That result may not be all that shocking as many find that working part-time can be a good way to keep mind and body active, and many believe that working brings social benefits, too.
If you enjoyed your career and want to stick with, then it might be worthwhile to ask your employer if they would be open to you working part-time with a flexible schedule. Retirement could also be a great time to pursue work in a new field that relates to one of your lifelong passions.
Before you say yes to any job, however, you should be aware that there could be an impact to your Social Security benefits if you haven't yet reached full retirement age. If this applies to you, you should dig into the rules that govern earning an income while collecting benefits to see how it might affect you.

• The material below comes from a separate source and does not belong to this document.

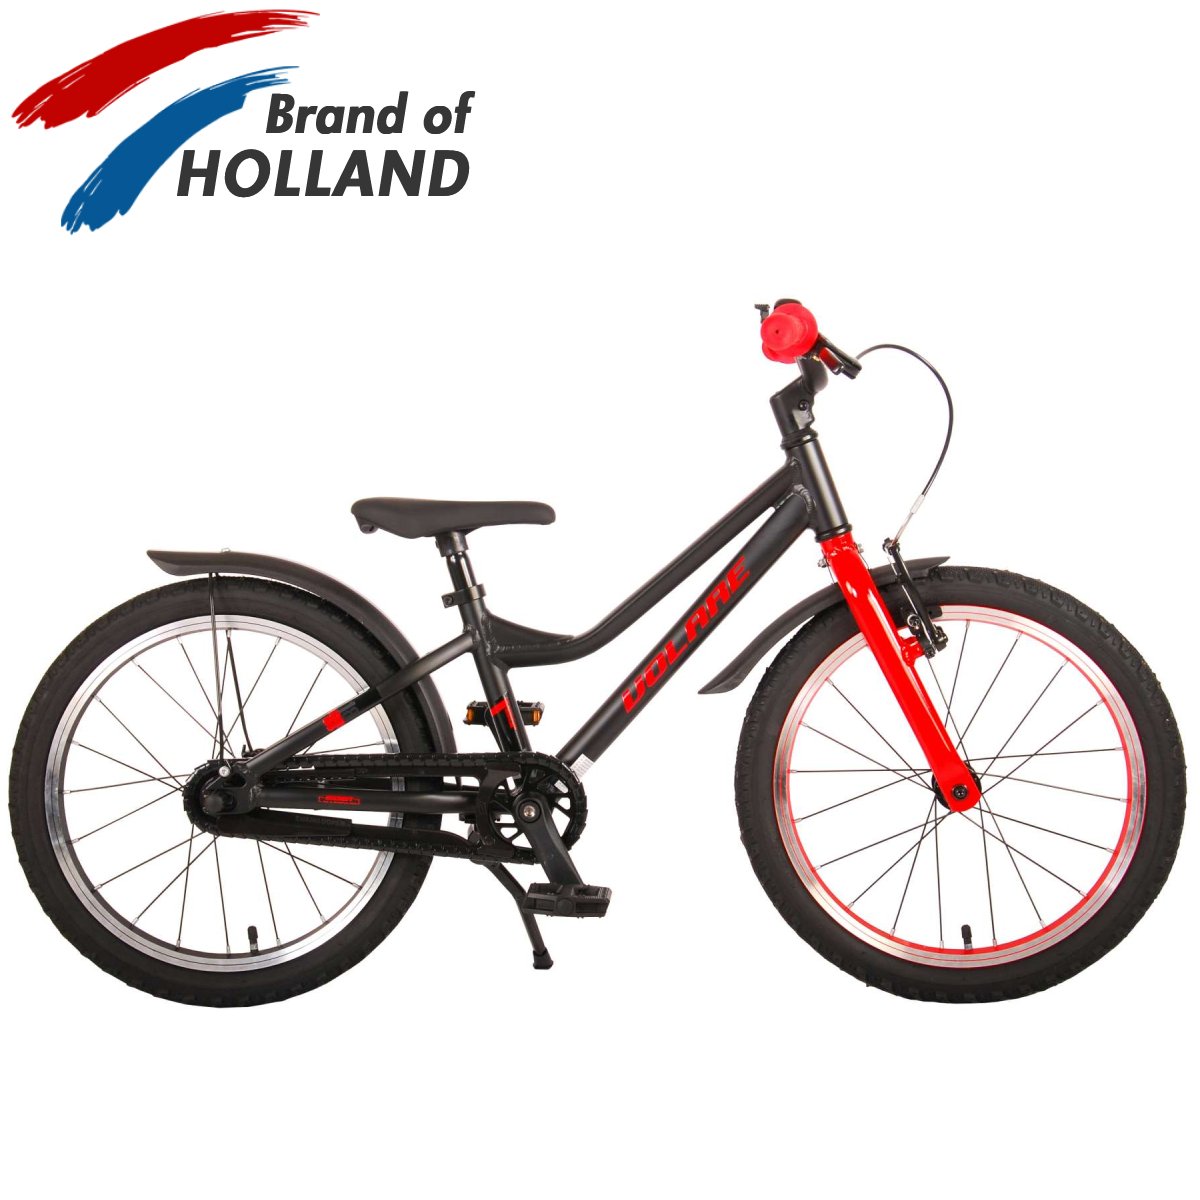 Vaikiškas dviratis VOLARE 18" Blaster (21870) juodas/raudonas

Matt Frankel: Delaying Social Security isn't a practical option for everyone, but if you can afford to do it, it could pay off in the long run. The vast majority (about 90%) of people sign up for Social Security at or before their full retirement age, and sometimes this is due to unavoidable factors, such as an unexpected job loss or a health problem that prohibits working. However, many people just take it as soon as they can.
The problem with taking Social Security early is that your benefits will be reduced -- for life. Claiming Social Security before normal retirement age (66 for those retiring now) reduces benefits be 6.67% per year for the first three years early and 5% per year beyond that. On the other hand, delaying Social Security beyond normal retirement age results in a permanent increase of 8% per year until age 70.
In other words, if your normal retirement benefit is calculated to be $2,000 per month, filing at age 62 would result in a reduction to just $1,500, while delaying until 70 would increase the payment to $2,640. This is a big difference. While I'm not saying that it's necessary or practical for most people to wait until the last possible minute, delayed Social Security can be a good place to start if you're concerned about your level of income in retirement.
Selena Maranjian: An appealing way to increase your income in retirement is via one or more annuities -- as long as you get the kind that serves you best. Annuities exist in several key forms – immediate vs. deferred (paying you immediately vs. starting at some point when you're older), fixed vs. variable (certain payouts vs. payouts tied to the performance of the market or part of the market), lifetime vs. fixed period (paying until death or paying for a certain span of time), and so on. Annuities can cover a single life or the lives of a married couple.
Immediate or deferred fixed annuities are smart options for many retirees as well as for those approaching retirement. Be wary of indexed and variable annuities, though, as they are more problematic and less suited to many people, because they charge steep fees and/or carry hefty early withdrawal penalties.
An immediate fixed annuity can provide you with monthly checks to live on for the rest of your life. As an example, a 70-year-old man in Colorado may be able to receive about $636 per month in annuity payments by buying a $100,000 annuity from an insurer with a strong credit rating. That's about $7,600 per year. With $300,000, he might get a more useful $23,000 per year.
It might not seem like you're increasing your income in retirement with an annuity, as you pay for the monthly checks you receive. But if you live a long time, you can receive much more than you might have had you invested in other ways. And if your nest egg doesn't seem likely to offer sufficient guaranteed income to last the rest of your life, one or more annuities might be the answer.
These are just some of many ways that you can boost your income in retirement -- something that many of us will want or need to do in our golden years. Think about the issue now, so that you can be more ready to take action when the time comes.